Ben Yeoh (36:18): I'm very happy for you if you'd like to raise number two or number three on your list for things which are intractable, if you want to thought, feel free to do that. I'm going to respond to your data thing because it might be geeky. I think it's quite important. I believe though, if you-- Maybe we should do this, if we got in touch with the ONS the stats authority, I think they could or should do some work on that. That's a definite project for them on that but I also do happen to be linked in to the international accounting standards boards and I do know they will take civil society and other stakeholder views, but I do know they really struggle to find the appropriate people. So I am very happy to connect you with them. They have done quite a lot of work on intangible thinking in general, but I do not believe that this data point has come up and I don't know if you're aware, this is more adjacent but they are forming international standards boards on sustainability, as well as this thinking of intangibles, but that's currently happening now. So they're doing a lot of consultation and stakeholdering, so I'm very happy to put you in touch with this --
AnneMarie (37:39): Always very keen. I think--
Ben Yeoh (37:41): --With this piece on data. So, I happen to be involve very much on something called management commentary, which is quite boring, but actually not. So it's geeky rather than boring, which is the front half of the annual report, because I believe as most of us do that it hasn't moved on much along with the times enough, mainly due to intangibles and the like. So I definitely think that's really interesting and important and I really like this idea of accountability for the long term or at least longer term than we have it. Did you want to put ideas two or three or shall we move on?
AnneMarie (38:21): I've got a long list, but they may dream of tickets, I think at the moment. I suppose the other one that I was thinking of was probably more a policy initiative and legislation. I'm not sure if that counts.

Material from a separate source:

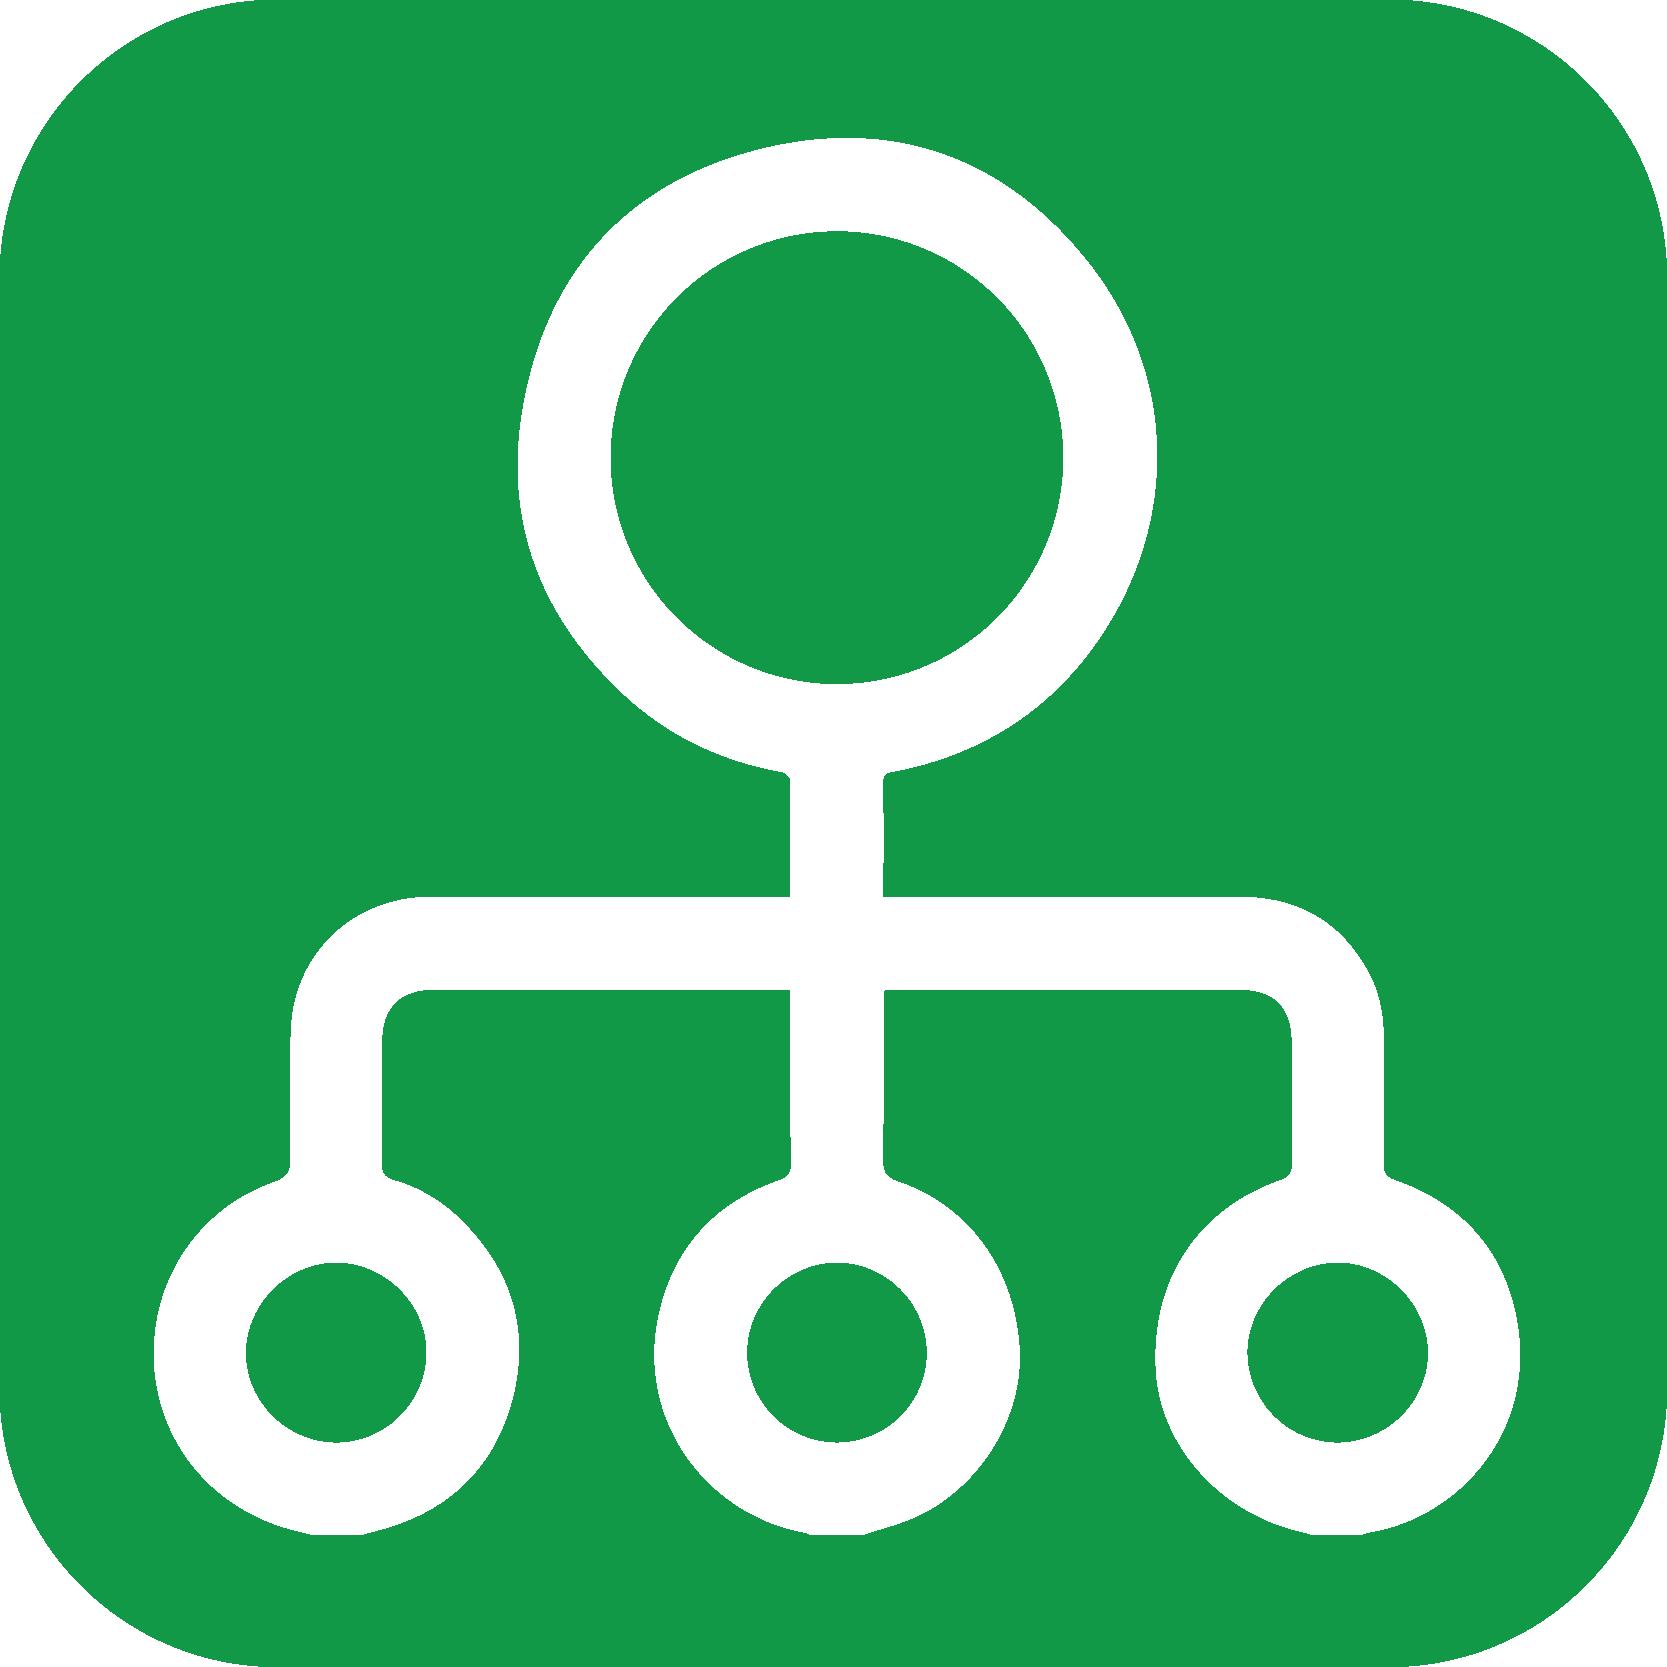 Datastruktur grøn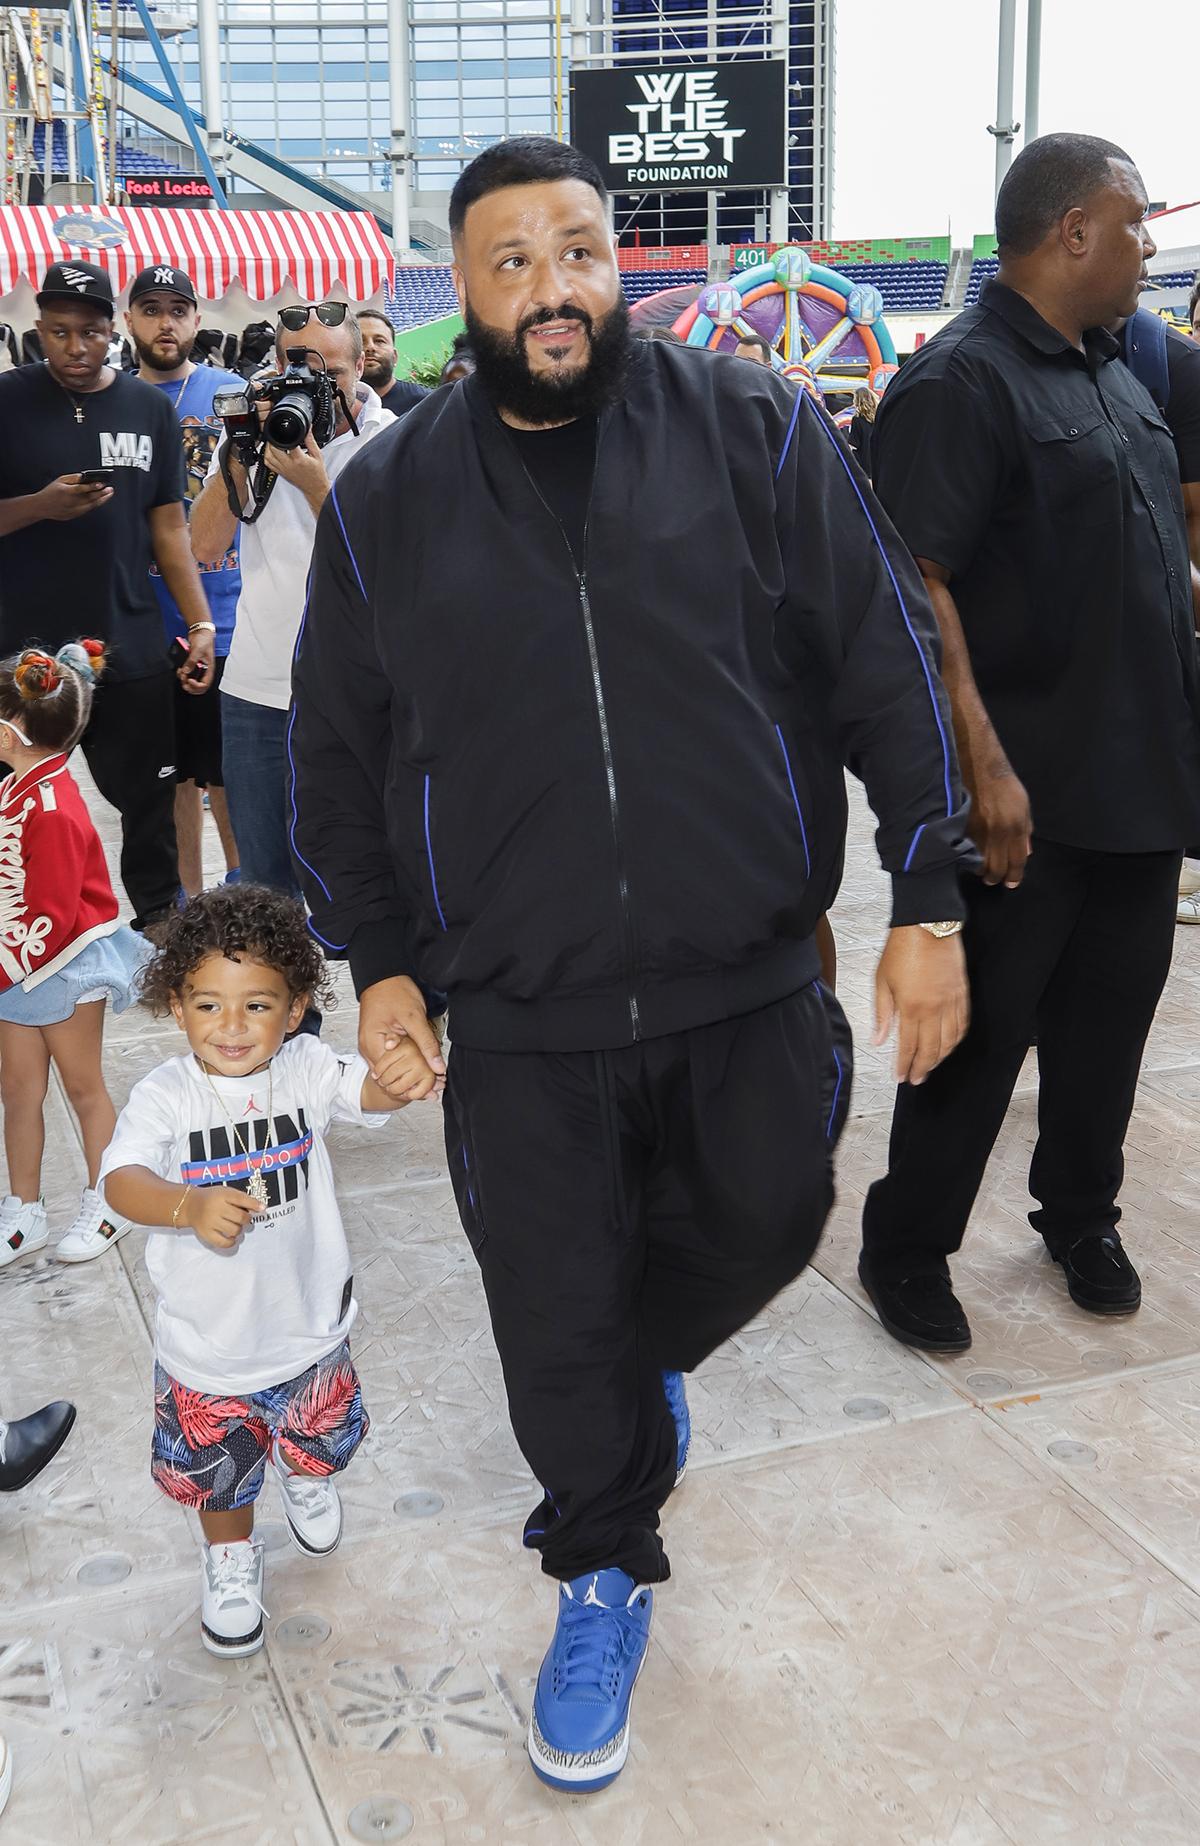 DJ Khaled WW

Ben Yeoh (38:31): Oh yeah, let's go.
AnneMarie (38:33): I'll take Liberty. So if we look back there were pros and cons to Gordon Brown policy initiatives about endowing or giving young children savings accounts which was to give people kind of an equal opportunity by the time they hit 16 or 18 years of age to have certain access to resources that they might not otherwise have had. And I'm kind of interested now in how we kind of modernize that idea and think about whether or not we can't raise more taxes. It seems that we've already got tax raising and deficit problems and the cost of living of course, squeeze it right across the board and all the press at the moment. But if we don't print money, could we print NFTs or print digital assets? And can we give those to children from deprived backgrounds to give them a starting life and give them [Inaudible:00:39:16] as a kind of a government starting position?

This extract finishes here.